Share your dilemmas and get honest opinions from other Mumsnetters.

DH making fun of me for being “thick”

164 replies

IneffableCat · 13/09/2024 09:56

DS thinks it’s hilarious. I’ll try to be brief - DH around a year ago made up a name for me, it’s a made up word to represent a “stupid” person. He used this word and mimicked my voice to act out what I do every day, added a “mentally challenged” sounding laugh for good measure. DS found it hilarious. I initially tried to laugh along and be a “good sport” however this continued for days and I had to tell him to stop.

He did stop but now DS (teen) is fixated (he’s on the spectrum) on the made up insult and calls me it from the moment he wakes up to the moment he goes to sleep. He comes up to me and whispers it in my ear and does the “stupid” sounding laugh incessantly.

Last night I begged him to stop (told him it wasn’t appropriate to call me that) he was sarcastic in his response saying “aww, is little Mammy upset? Is she going to cry?” Etc.

I snapped at my husband then - told him this was all his fault and I was sick of hearing that stupid f?!ing word and stupid laugh. I really lost it. 😔

DH blamed DS for causing trouble and stirring but basically took no responsibility for having initially made up the insult.

For context - I am also on the spectrum, my processing times are slower than neurotypicals but I am not thick. I have been called “thick” in other environments in my life which my husband knows I’m sensitive about.

DH text saying that he’s sorry that DS keeps saying that word but I can’t keep blaming him.

OP posts:
IneffableCat · 13/09/2024 11:10

Thanks for all your replies. I agree with them all, it really does feel like I’m being bullied in my own home. I will try immediate consequences for DS when he calls me that. He’s a gamer/loves his phone so having that taken away will have the most impact.

Those who asked how DH behaves in other aspects - what I have mentioned here is just the tip of the iceberg.
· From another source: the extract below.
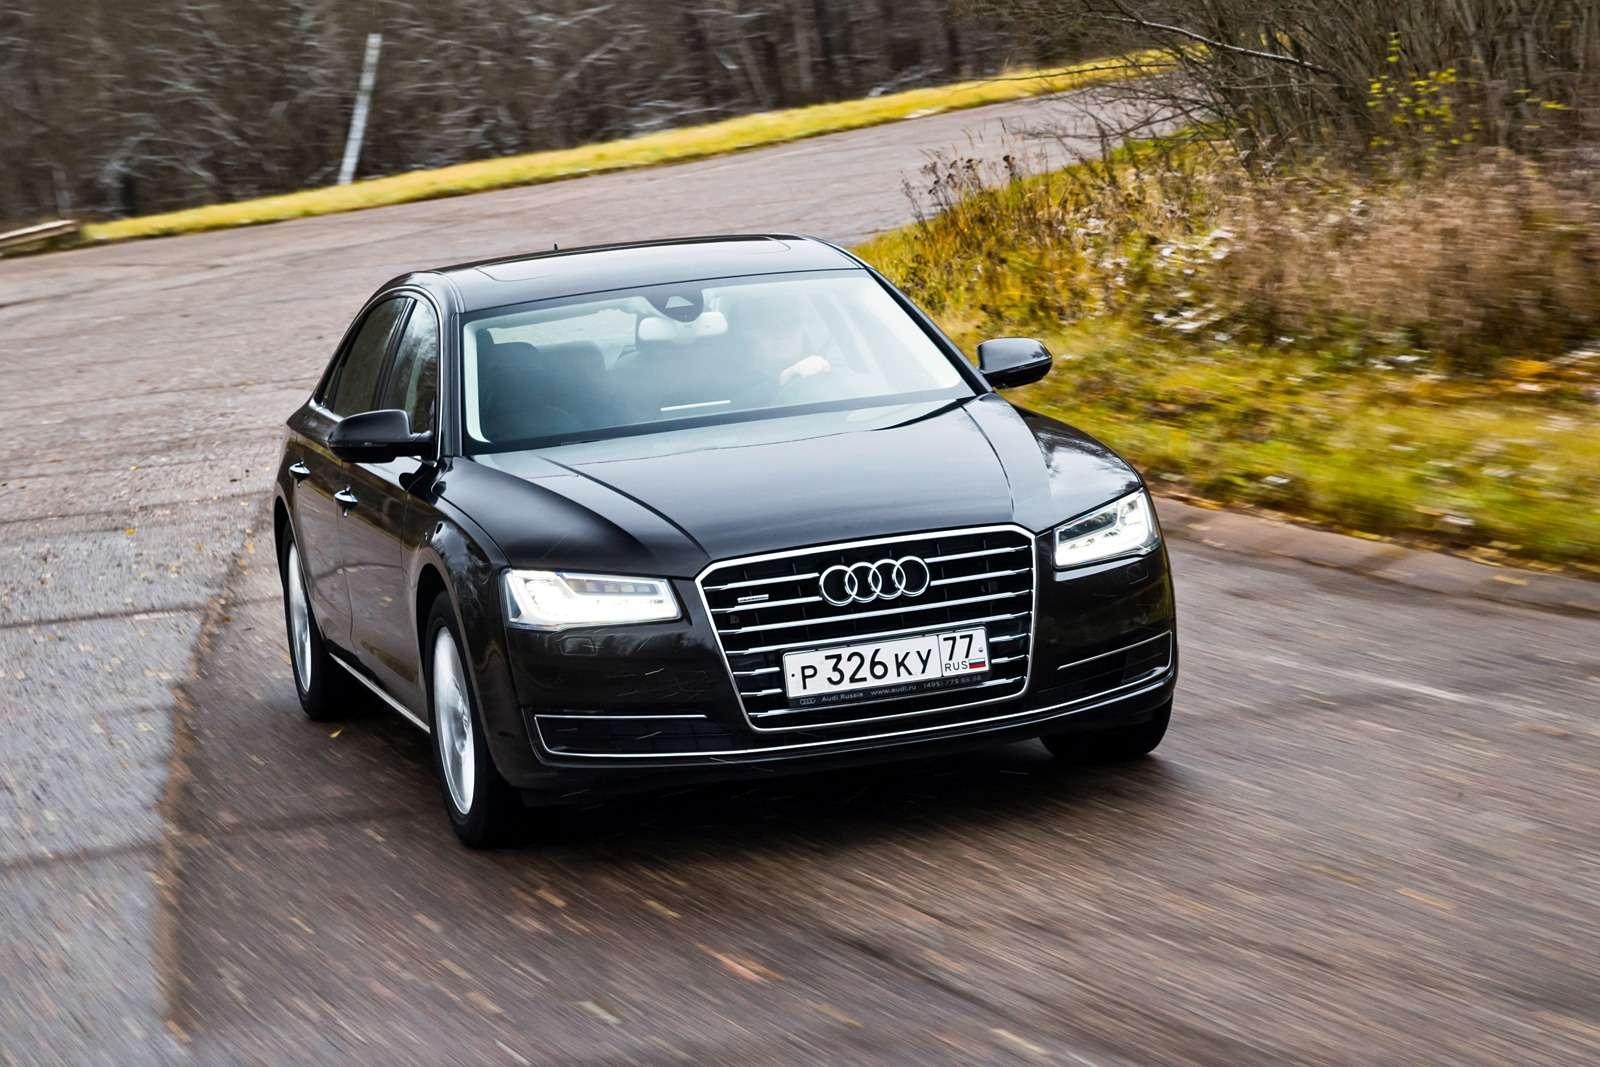 00-Audi_zr-01_16
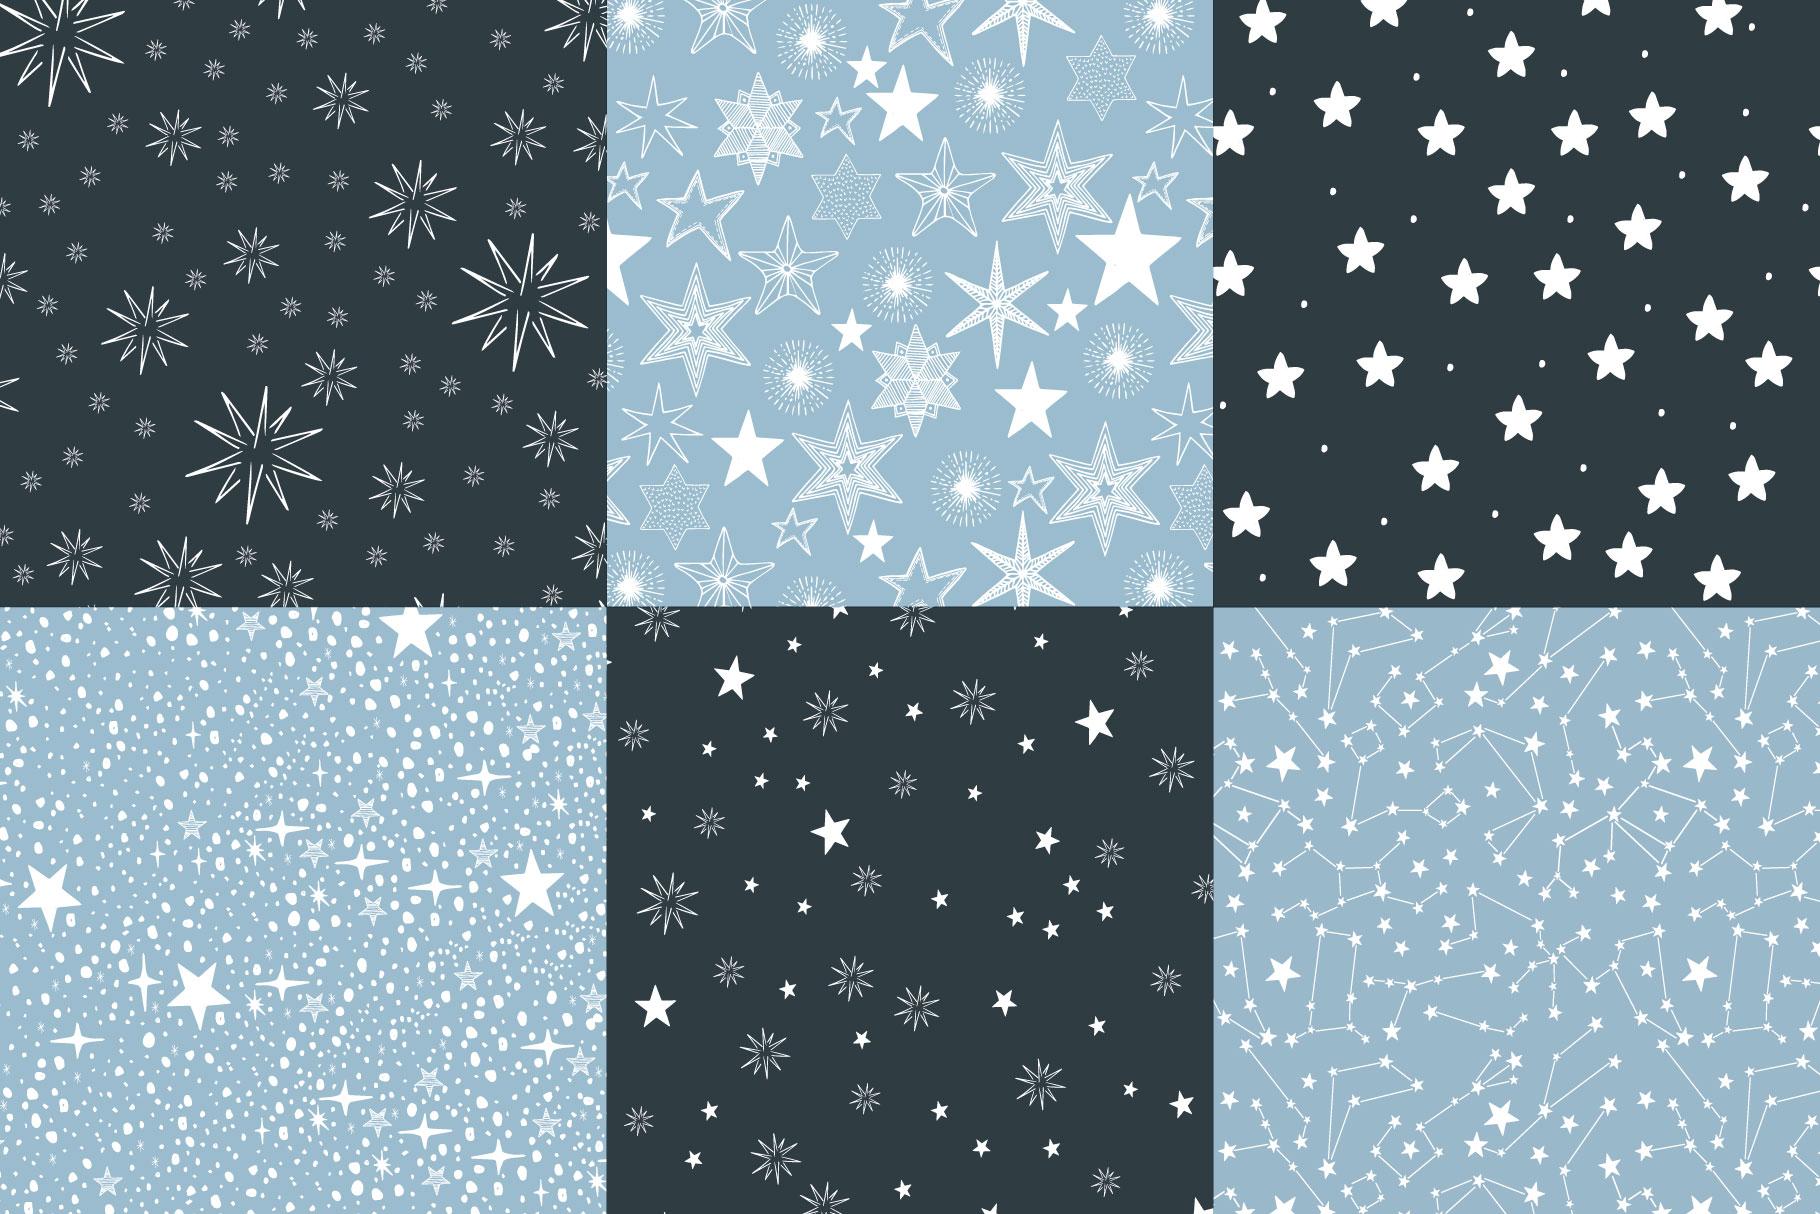 Night Sky Patterns example image 4

It’s not actually one of the worst things he’s said or done to me.

DH is a STBEX - I am getting everything organised and plan to leave eventually. I have been in contact with Women’s Aid and am putting together a plan to safely leave DH. I did feel like just walking out last night but this isn’t feasible and I would look like the unreasonable one.

Just waiting for a property to go through and I’ll be gone thankfully.

OP posts:
Acornsoup · 13/09/2024 11:14

That sounds very sensible OP. Good luck with it all.
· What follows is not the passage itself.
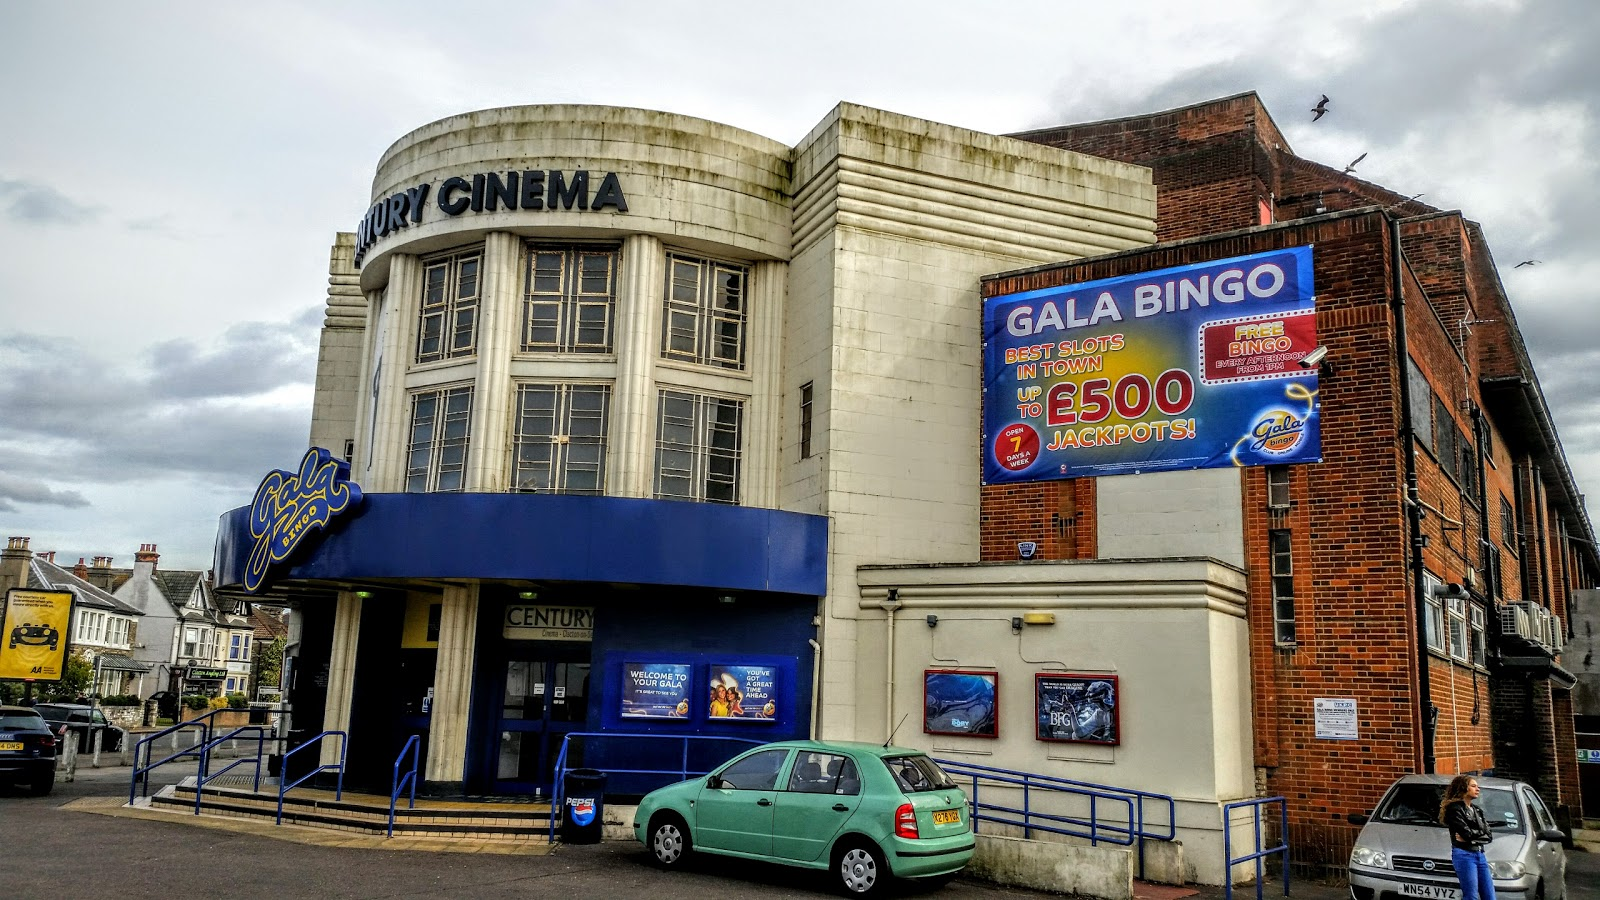 Visit Century Cinema on your trip to Clacton-on-Sea

BanksysSprayCan · 13/09/2024 11:14

We done @IneffableCat - you can do this 💐

Aboutyoutalksettings · 13/09/2024 11:14

I’m so glad to see your update that you are planning to leave. This is 100% your DH bullying you and teaching your DS to do the same. Your DS thinks this is normal as your DH refers to you this way when you’re not there.
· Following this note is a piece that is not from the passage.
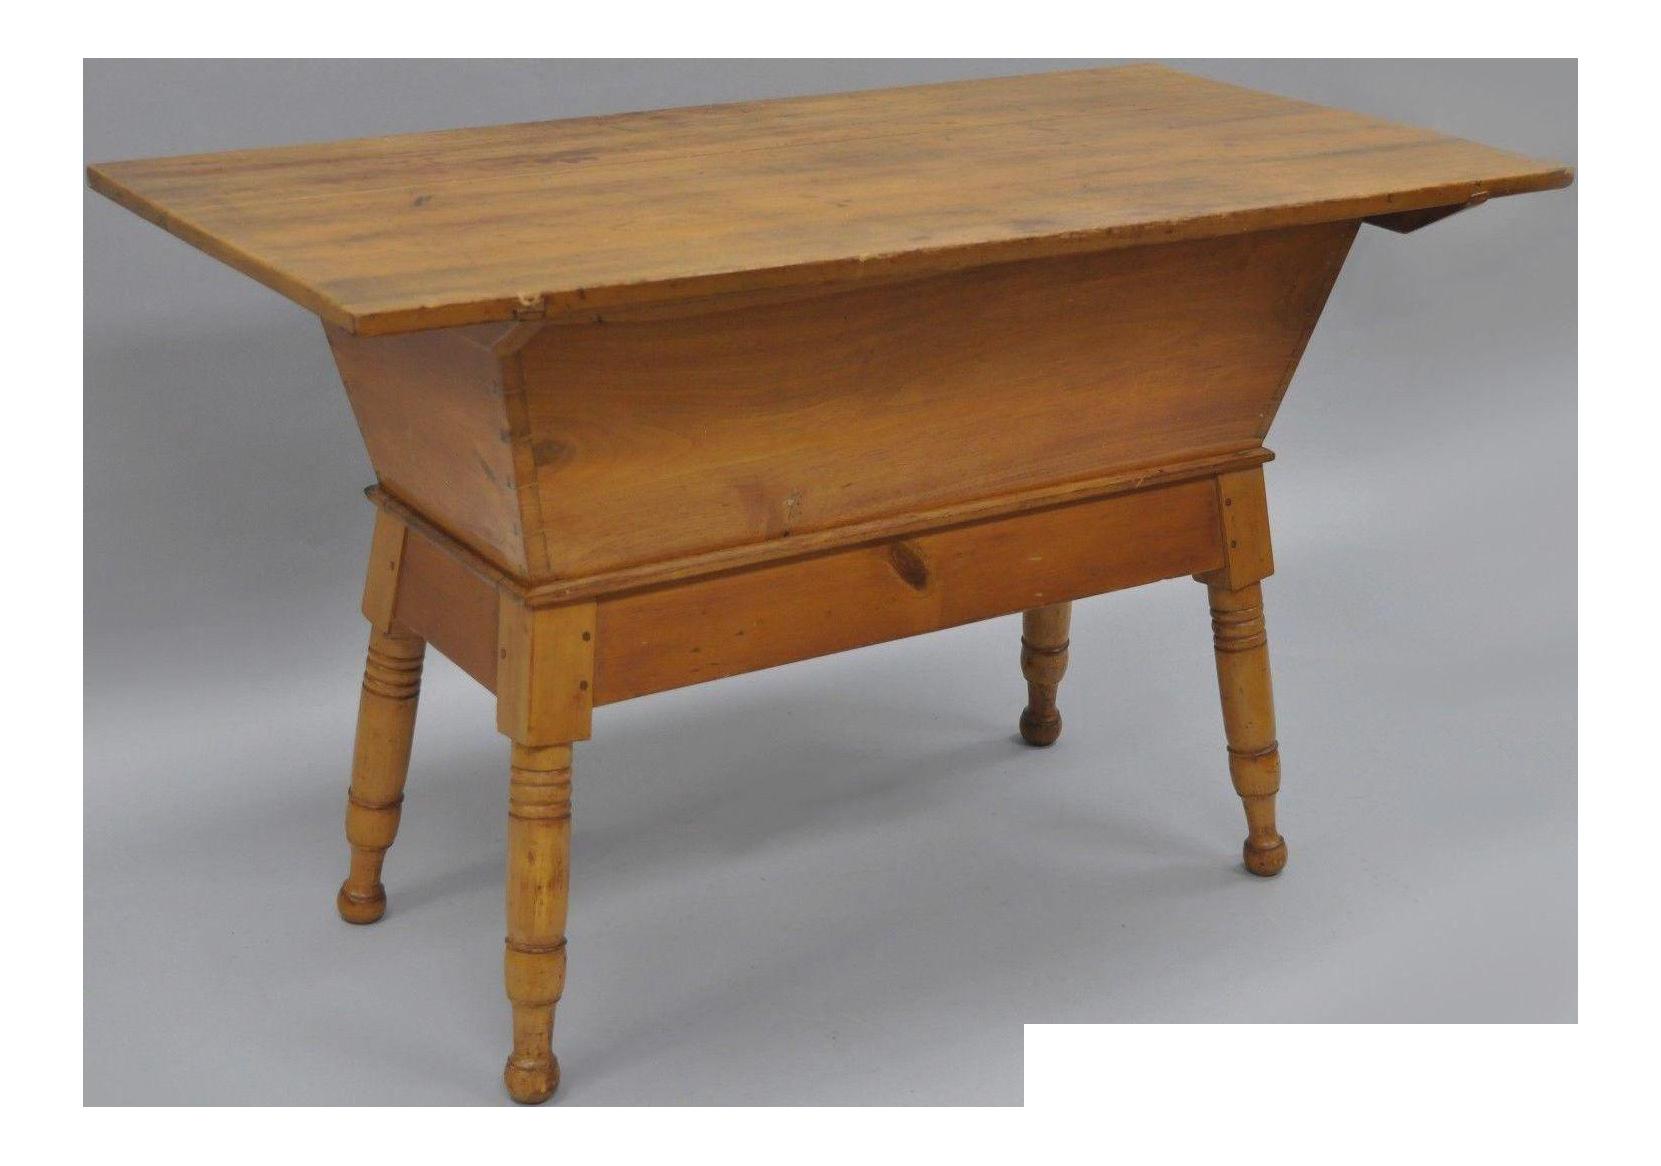 Antique Primitive Country Pine Wooden Dovetail Dough Box

Imperrysmum · 13/09/2024 11:15

blahblahblah24 · 13/09/2024 10:16

Your husband and your son are nasty bullies. Let them wallow together. I would leave them both (depending on how old your DS is)? Your husband has set a disgusting example.

Edited

Honestly this^ id move abroad to a lovely villa in spain and fill the house with cats and dogs.

PaininthePreferbial · 13/09/2024 11:15

I'm so pleased to read your update @IneffableCat , very good luck to you and we're here if you need to talk Flowers

MumonabikeE5 · 13/09/2024 11:17

I don’t know if you will be able to follow through with punishments for your son whilst you remain with your husband.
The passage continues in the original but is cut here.